Shooting is Thompson's well-documented flaw, so it wouldn't hurt to fire up threes with the Rio Grande Rapids before rejoining the Rockets' rotation.

Unlike his brother Ausar, who's thriving by mostly leaning on his athleticism for finishing, rebounding and defense, Amen wasn't drafted to a team that has such an immediate need for wing production. The Rockets can afford to take it slow with him, and Thompson could benefit from full-time minutes and higher usage in the G League.

Jarace Walker, Indiana Pacers

Jarace Walker, Indiana Pacers Justin Casterline/Getty Images

With the NBA's best offense, the Indiana Pacers haven't found a need to change the rotation and throw in their rookie. And there isn't a point for Jarace Walker to continue racking up DNPs.
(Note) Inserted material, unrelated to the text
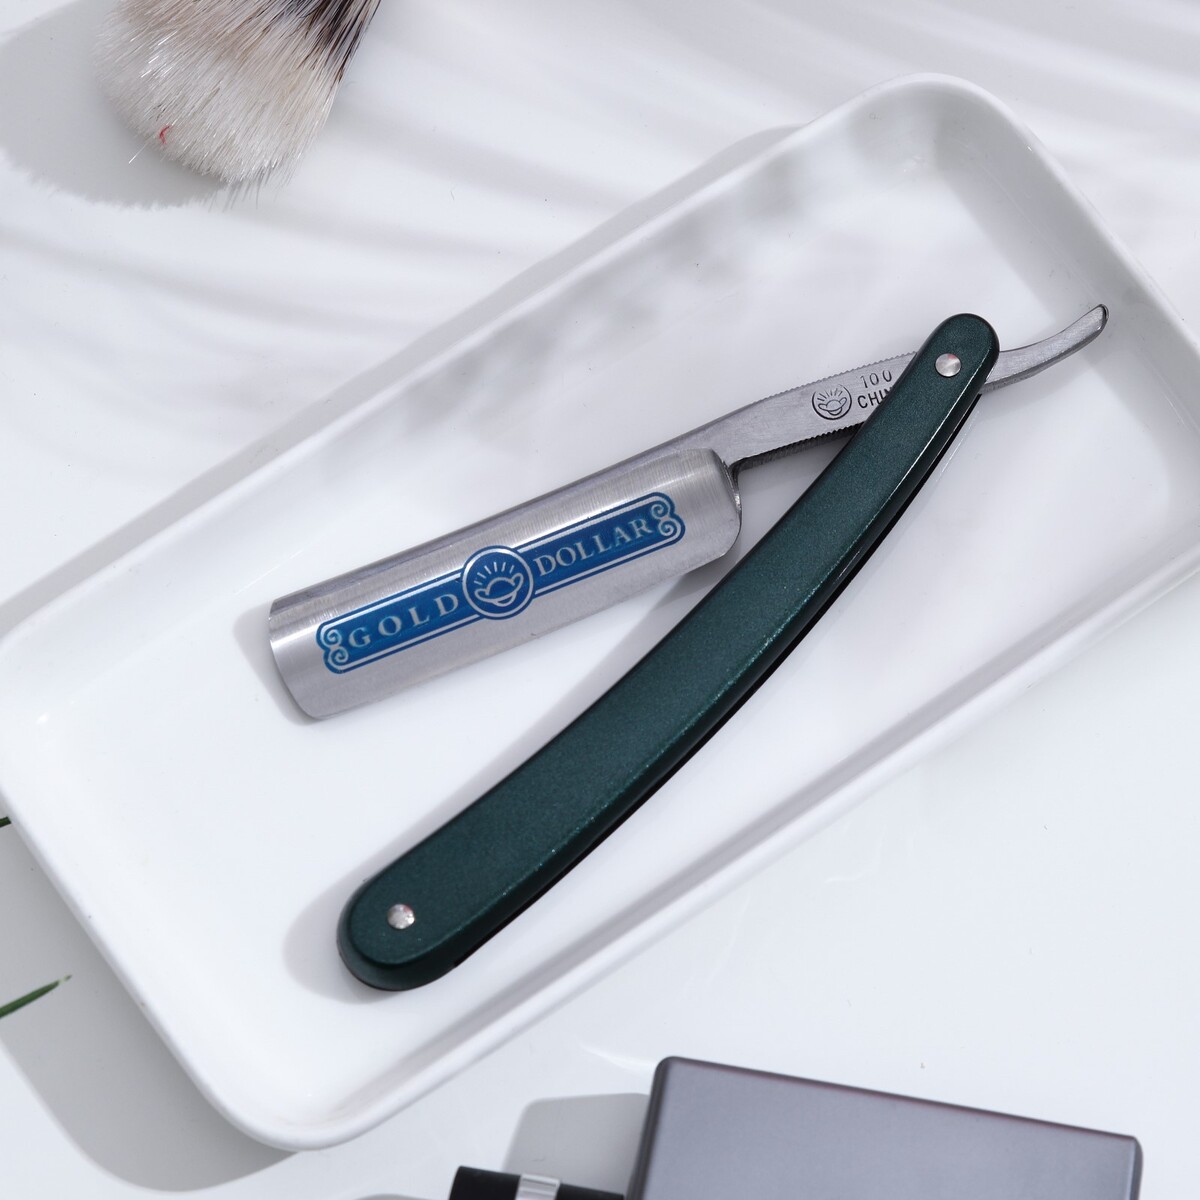 Опасная бритва для традиционного бритья опасная бритва шаветт без лезвия 16 5 24 × 2 5 × 1 3 см пластиковая серебристый

Playing with the Mad Ants is mostly about staying fresh and ready. He's already combined for 50 points through his first two G League games, having success with his unique mix of physicality, touch and comfort level attacking defenders in space.

While Jalen Smith, Obi Toppin, Aaron Nesmith and Isaiah Jackson have each been been pluses with signature specialities, Walker can offer the rotation a different element of versatility using his shoot-handle-pass skill set and tremendous defensive tools.

Coach Rick Carlisle figures to eventually call on his lottery pick, whether it's to give the frontcourt more creation/playmaking or a different look defensively.